From Fig. 8a, b and c, it can be very well understood that the propagation delay becomes much less using semi-classical model compared to quantum model, on variation of all device process parameters. From earlier transfer characteristics of DG-TM-PiN-TGNFET shown in Fig. 5a, b and c, it is evident that the quantum confinement of charge carriers in our proposed device produces much less drain current compared to semi-classical one. Therefore, the digital inverter operates much faster using semi-classical model.

Fig. 8

a Propagation delay analysis of DG-TM-PiN-TGNFET-based digital inverter circuit w.r.t. gate oxide thickness variation. b Propagation delay analysis of DG-TM-PiN-TGNFET based digital inverter circuit w.r.t. channel thickness variation. c Propagation delay analysis of DG-TM-PiN-TGNFET-based digital inverter circuit w.r.t. channel doping variation

4.3 Power-delay product analysis (with quantum and semi-classical model) on gate oxide thickness, channel thickness and channel doping variation

The product of power (P) and delay (TR) of the inverter gives the PDP value. The power-delay product (PDP) is generally analyzed for optimizing all process parameters with minimum value of supply voltage that can be given to the proposed TFET digital inverter circuit. Taking the quantum mechanical effect into consideration, it can be studied that the PDP becomes much less using quantum confinement in charge carriers on all process parameter variation, compared to semi-classical one, shown in Fig. 9a, b and c.

Fig. 9

a Power-delay product analysis of DG-TM-PiN-TGNFET-based digital inverter circuit w.r.t. gate oxide thickness variation. b Power-delay product analysis of DG-TM-PiN-TGNFET-based digital inverter circuit w.r.t. channel thickness variation. c Power-delay product analysis of DG-TM-PiN-TGNFET-based digital inverter circuit w.r.t. channel doping variation

However, the supply voltage (below 1 V) also plays significant role in determining best TFET inverter considering its suitable device parameters. Since with increase in supply voltage, the PDP of the inverter circuit rises; therefore, at 0.5 V of V_DD, the minimum value of PDP is obtained. This minimum power-delay product can justify and validate the proposed TFET inverter circuit for low power applications.

5 Conclusion

In this article, the DC parameters of laterally grown novel short channel III–V/Si heterostructure DG-TM-PiN-TGNFET have been analytically modeled and an inverter has been analyzed in subthreshold regime.
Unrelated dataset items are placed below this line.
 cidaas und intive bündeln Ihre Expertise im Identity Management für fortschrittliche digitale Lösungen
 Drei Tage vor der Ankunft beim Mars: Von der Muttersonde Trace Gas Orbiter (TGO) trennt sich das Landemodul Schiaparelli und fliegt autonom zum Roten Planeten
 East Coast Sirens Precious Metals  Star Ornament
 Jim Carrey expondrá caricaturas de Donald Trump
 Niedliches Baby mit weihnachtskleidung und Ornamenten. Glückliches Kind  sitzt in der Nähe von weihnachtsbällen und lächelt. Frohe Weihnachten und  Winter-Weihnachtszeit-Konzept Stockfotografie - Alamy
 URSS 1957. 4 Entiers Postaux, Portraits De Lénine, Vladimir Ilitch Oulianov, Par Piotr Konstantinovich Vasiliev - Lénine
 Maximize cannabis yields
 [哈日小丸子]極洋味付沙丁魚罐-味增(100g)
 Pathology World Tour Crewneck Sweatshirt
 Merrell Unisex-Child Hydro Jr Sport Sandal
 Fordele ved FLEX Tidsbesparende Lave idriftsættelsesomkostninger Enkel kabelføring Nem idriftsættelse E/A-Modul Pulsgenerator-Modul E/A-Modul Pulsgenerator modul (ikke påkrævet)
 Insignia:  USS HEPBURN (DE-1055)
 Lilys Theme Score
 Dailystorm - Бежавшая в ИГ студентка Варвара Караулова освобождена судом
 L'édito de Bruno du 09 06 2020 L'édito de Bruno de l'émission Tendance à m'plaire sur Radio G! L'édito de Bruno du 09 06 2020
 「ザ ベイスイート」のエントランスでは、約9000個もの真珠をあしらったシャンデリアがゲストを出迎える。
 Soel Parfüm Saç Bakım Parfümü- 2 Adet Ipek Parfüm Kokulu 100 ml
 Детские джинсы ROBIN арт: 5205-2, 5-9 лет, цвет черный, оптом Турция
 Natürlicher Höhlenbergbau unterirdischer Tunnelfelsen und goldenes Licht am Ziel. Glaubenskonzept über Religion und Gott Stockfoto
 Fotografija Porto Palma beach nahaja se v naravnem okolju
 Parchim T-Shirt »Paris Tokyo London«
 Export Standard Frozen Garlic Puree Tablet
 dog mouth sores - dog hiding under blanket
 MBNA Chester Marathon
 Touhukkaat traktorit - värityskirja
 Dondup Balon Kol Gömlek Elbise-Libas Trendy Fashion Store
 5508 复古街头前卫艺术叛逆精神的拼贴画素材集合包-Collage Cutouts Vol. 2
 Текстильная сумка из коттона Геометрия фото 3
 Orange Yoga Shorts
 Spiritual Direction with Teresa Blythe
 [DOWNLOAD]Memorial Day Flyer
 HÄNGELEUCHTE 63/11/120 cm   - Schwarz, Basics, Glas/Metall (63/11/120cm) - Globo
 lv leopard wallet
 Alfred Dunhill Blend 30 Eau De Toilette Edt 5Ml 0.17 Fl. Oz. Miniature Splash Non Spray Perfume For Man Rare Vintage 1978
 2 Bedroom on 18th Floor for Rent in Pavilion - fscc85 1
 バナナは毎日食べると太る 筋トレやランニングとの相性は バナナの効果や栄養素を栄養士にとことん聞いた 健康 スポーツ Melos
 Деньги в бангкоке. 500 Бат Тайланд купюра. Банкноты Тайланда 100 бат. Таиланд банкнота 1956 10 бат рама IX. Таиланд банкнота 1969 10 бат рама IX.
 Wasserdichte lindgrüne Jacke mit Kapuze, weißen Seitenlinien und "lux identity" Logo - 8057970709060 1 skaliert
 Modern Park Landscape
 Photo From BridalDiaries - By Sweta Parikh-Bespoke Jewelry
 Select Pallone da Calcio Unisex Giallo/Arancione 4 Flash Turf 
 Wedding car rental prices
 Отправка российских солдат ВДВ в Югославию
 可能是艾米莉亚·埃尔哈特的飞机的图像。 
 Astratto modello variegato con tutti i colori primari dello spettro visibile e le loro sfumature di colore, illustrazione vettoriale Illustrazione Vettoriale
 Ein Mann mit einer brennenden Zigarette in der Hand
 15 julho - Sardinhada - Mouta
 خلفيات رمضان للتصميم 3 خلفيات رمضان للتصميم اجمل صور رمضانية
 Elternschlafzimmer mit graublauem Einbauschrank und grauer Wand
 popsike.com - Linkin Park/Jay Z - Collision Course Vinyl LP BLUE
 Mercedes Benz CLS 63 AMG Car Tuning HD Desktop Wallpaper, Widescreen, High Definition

DC characteristics of the III–V/Si heterostructure DG-TM-PiN-TGNFET have been studied with respect to the quantum mechanical and classical effect in subthreshold regime for low-power digital applications.

It is quite evident that the derived models and simulation results are in good agreement for a wide variation of process parameters. Schrodinger model has been used in ATLAS simulation platform to validate the derived analytical model considering QME. Comprehensive analysis of the short channel III–V/Si heterostructure double gate triple material PiN tunneling graphene nanoribbon field effect transistor (DG-TM-PiN-TGNFET) gives a better view and understanding of DC characteristics of the device. At the end, the DC characteristics (i.e., power dissipation, propagation delay, power-delay product) of an inverter circuit has been taken under consideration to check the impact of QMEs on circuit performance.

Power dissipation of the proposed TFET inverter circuit is illustrated by considering semi-classical and quantum models, where the power has been dissipated much less using quantum mechanical effect compared to semi-classical one.

But propagation delay becomes much less using semi-classical model compared to quantum model for the proposed TFET structure making it suitable for high-speed applications due to high current driving capability. However, as per as the power-delay product analyses , the quantum confinement is able to provide less energy consumption, and it is an essential factor in case of optimizing the process parameters of the device. So, the proposed device can be alternatively used for low-power quantum computing applications.